**Supplied material**
....
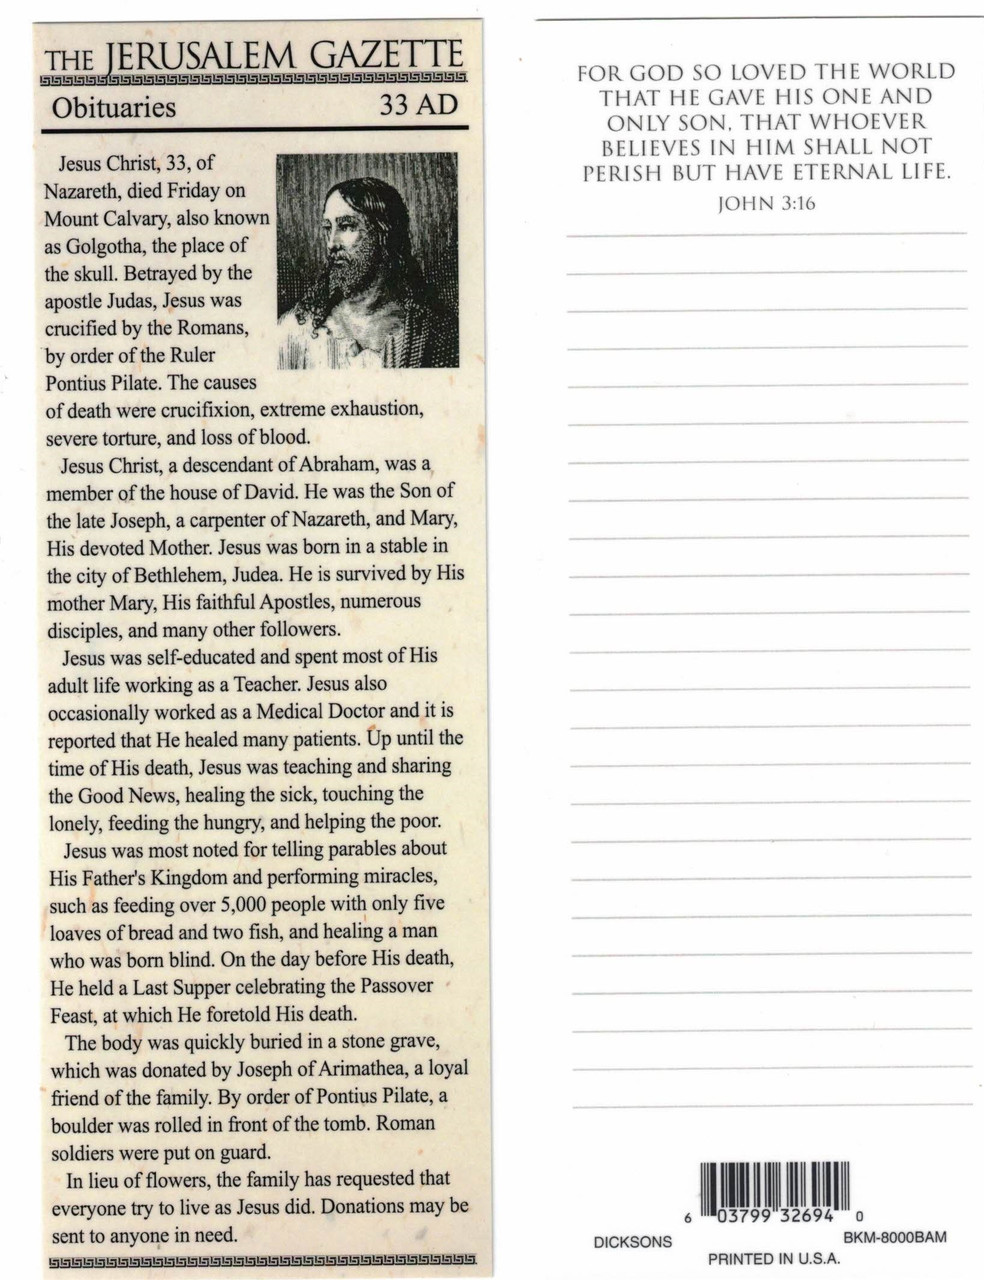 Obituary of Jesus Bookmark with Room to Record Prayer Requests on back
....
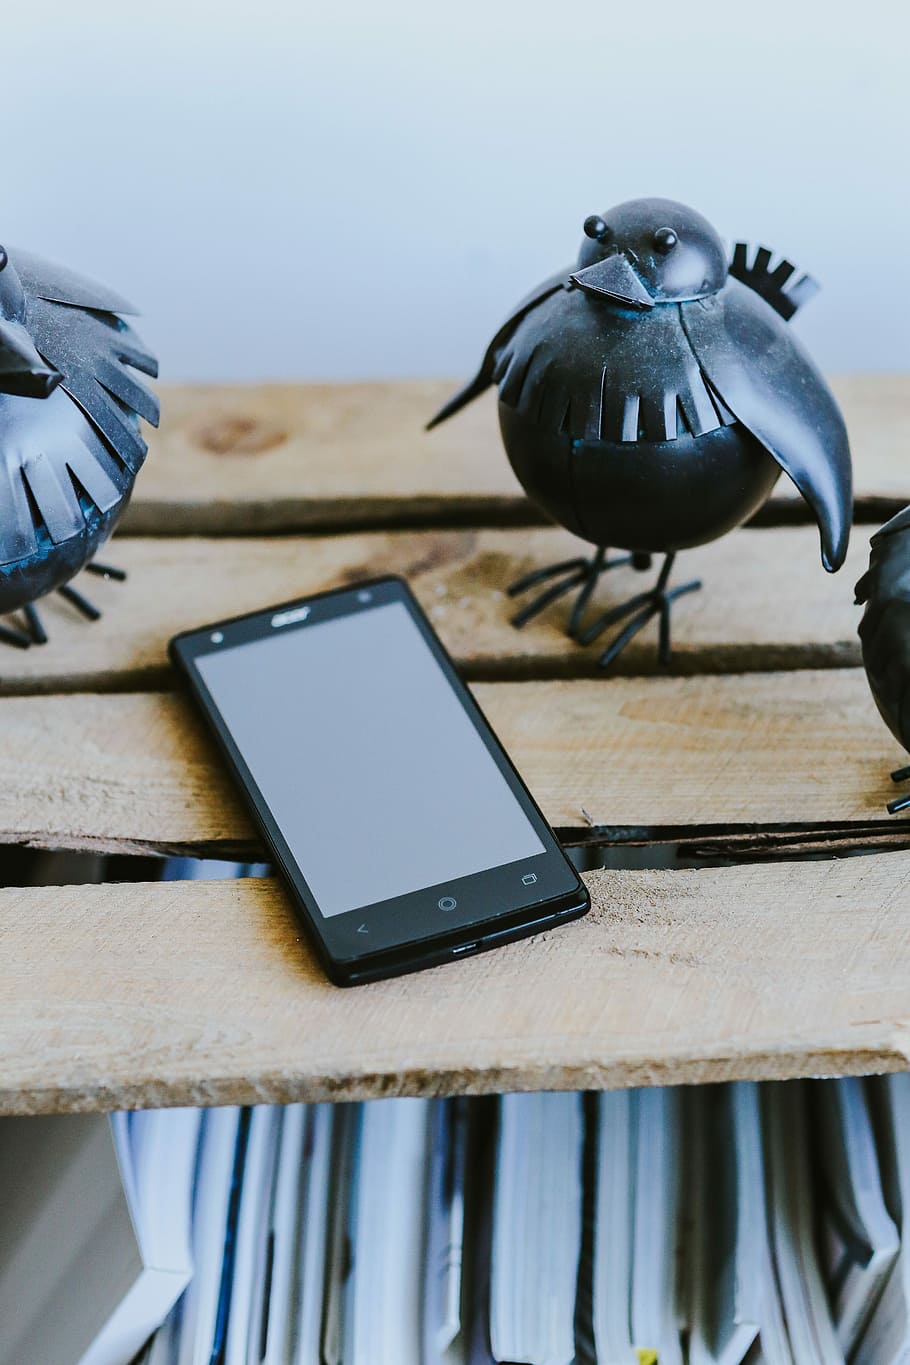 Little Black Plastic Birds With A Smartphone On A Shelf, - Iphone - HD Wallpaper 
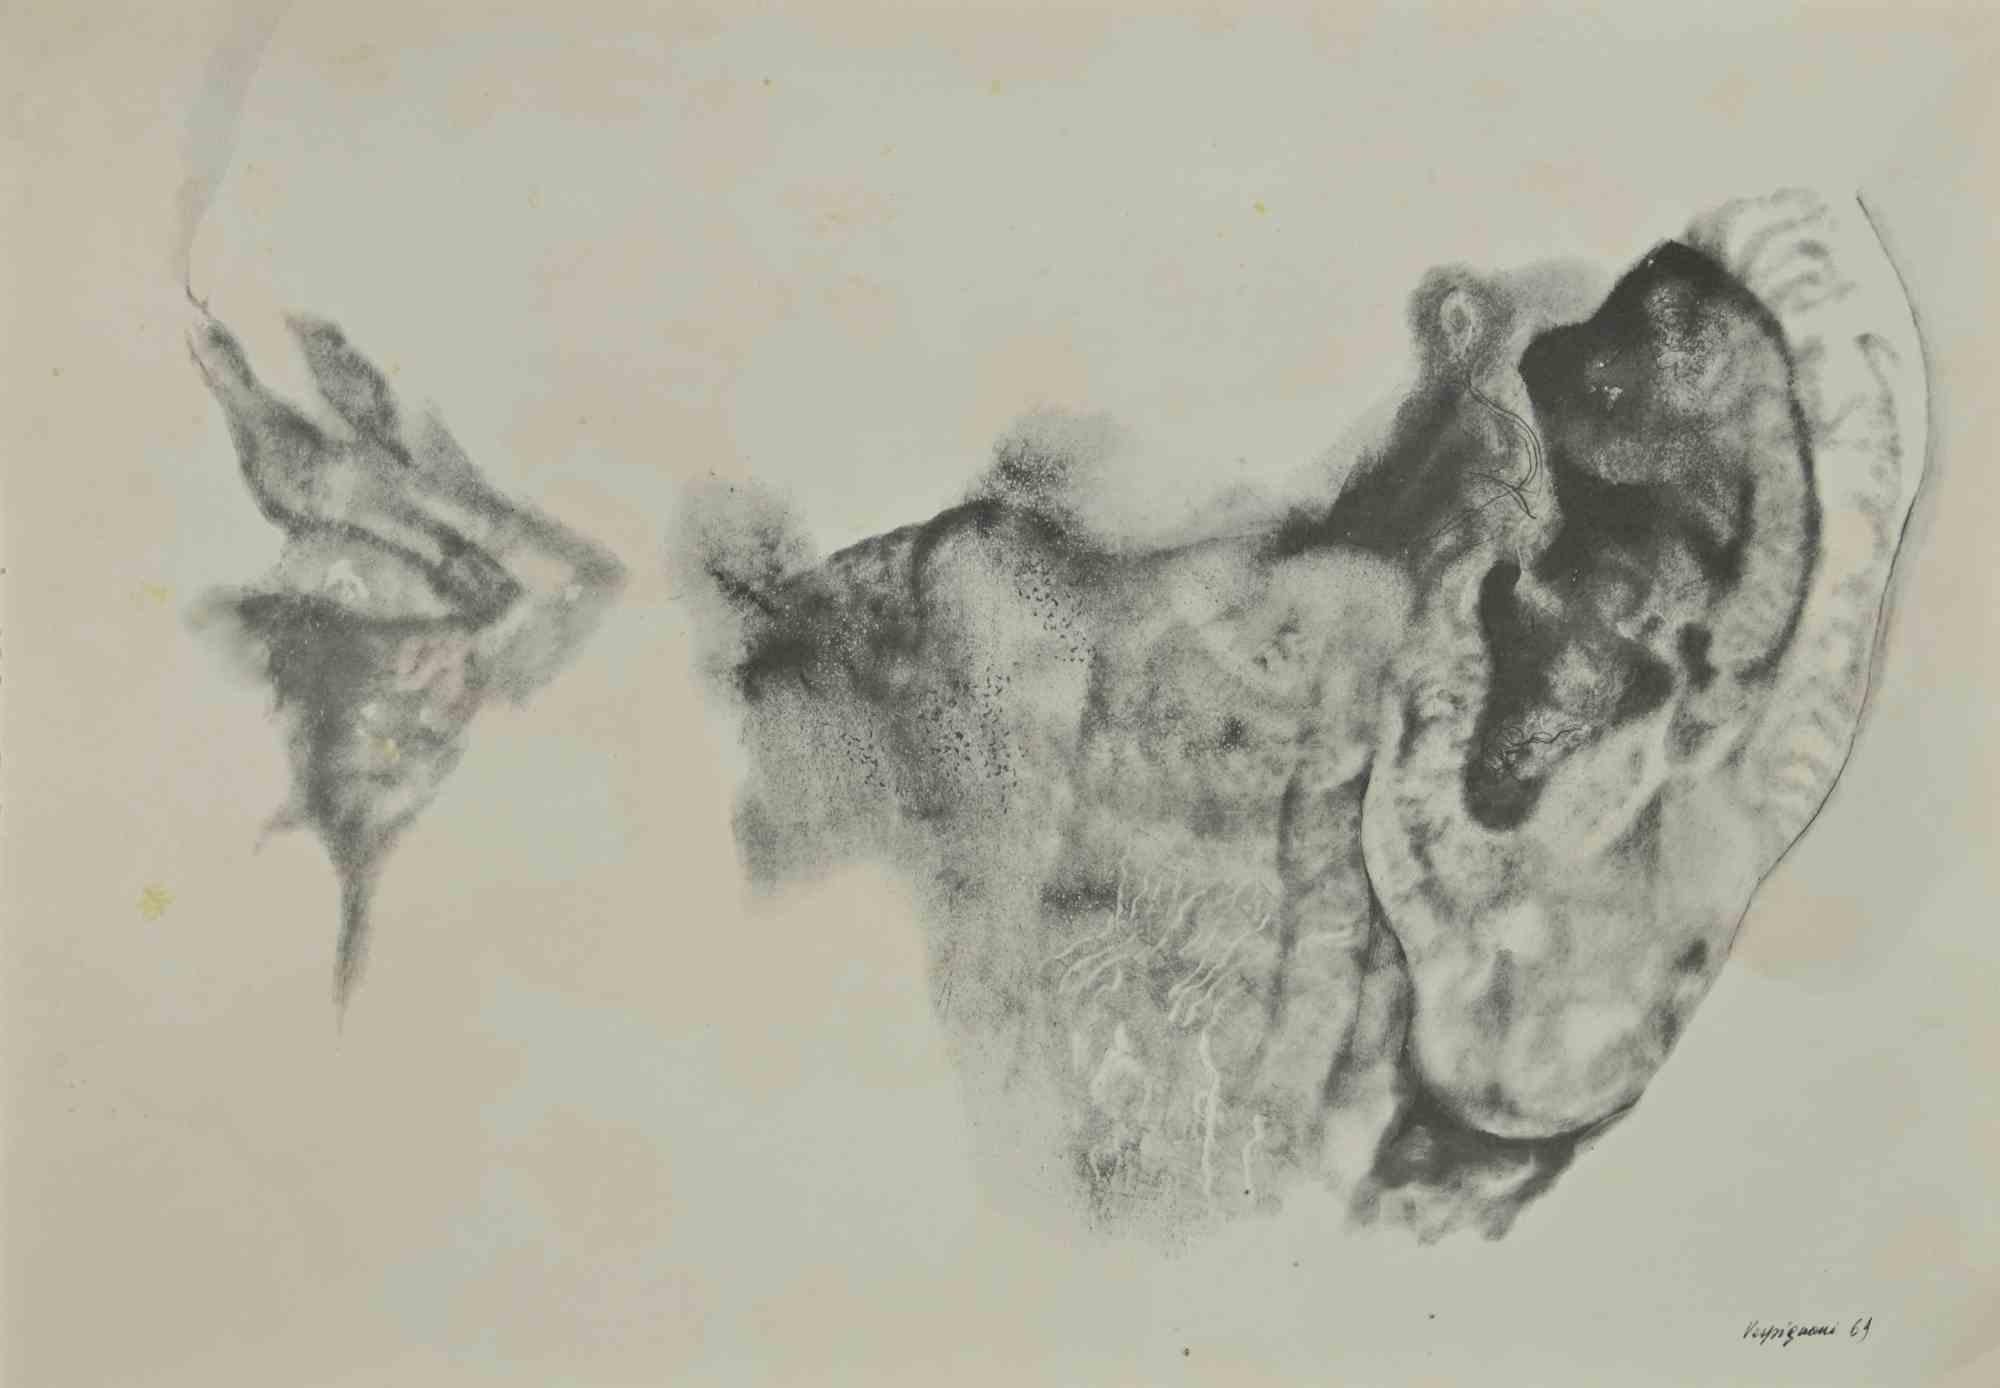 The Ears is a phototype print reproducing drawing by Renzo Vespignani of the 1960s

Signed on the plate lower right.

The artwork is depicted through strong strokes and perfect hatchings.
....
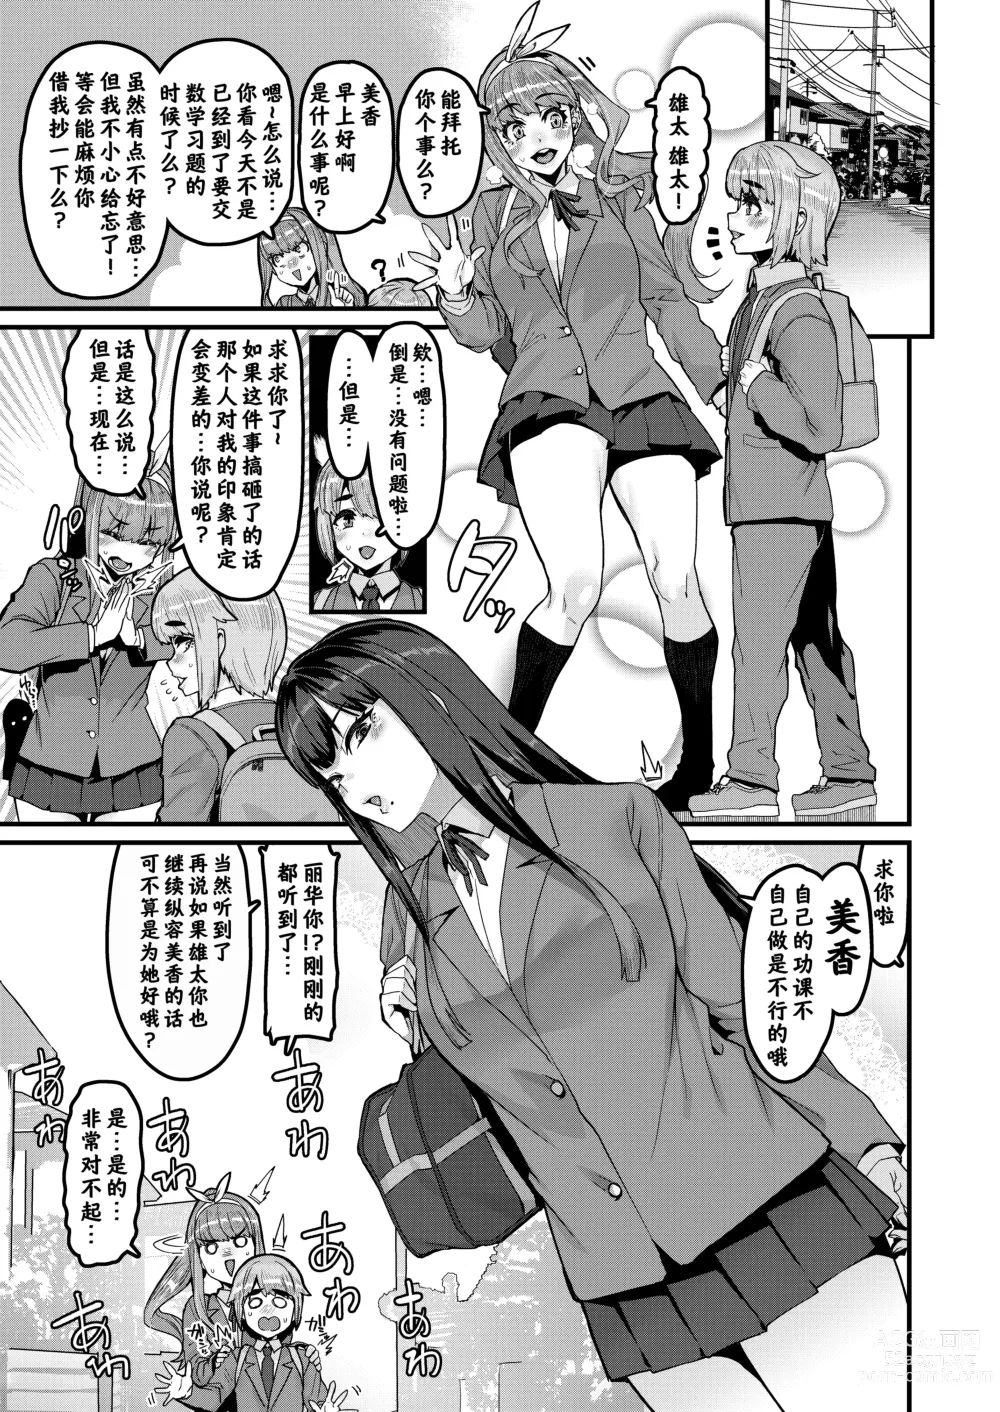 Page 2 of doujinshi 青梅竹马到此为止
....
**What you are asked to do**
Only one stretch of the listing is wanted: the lines starting at the one with "The Ears is" and ending at the one with "The artwork is", copied exactly and free of pictures.

**Answer for this exercise**
 The Ears is a phototype print reproducing drawing by Renzo Vespignani of the 1960s

Signed on the plate lower right.

The artwork is depicted through strong strokes and perfect hatchings.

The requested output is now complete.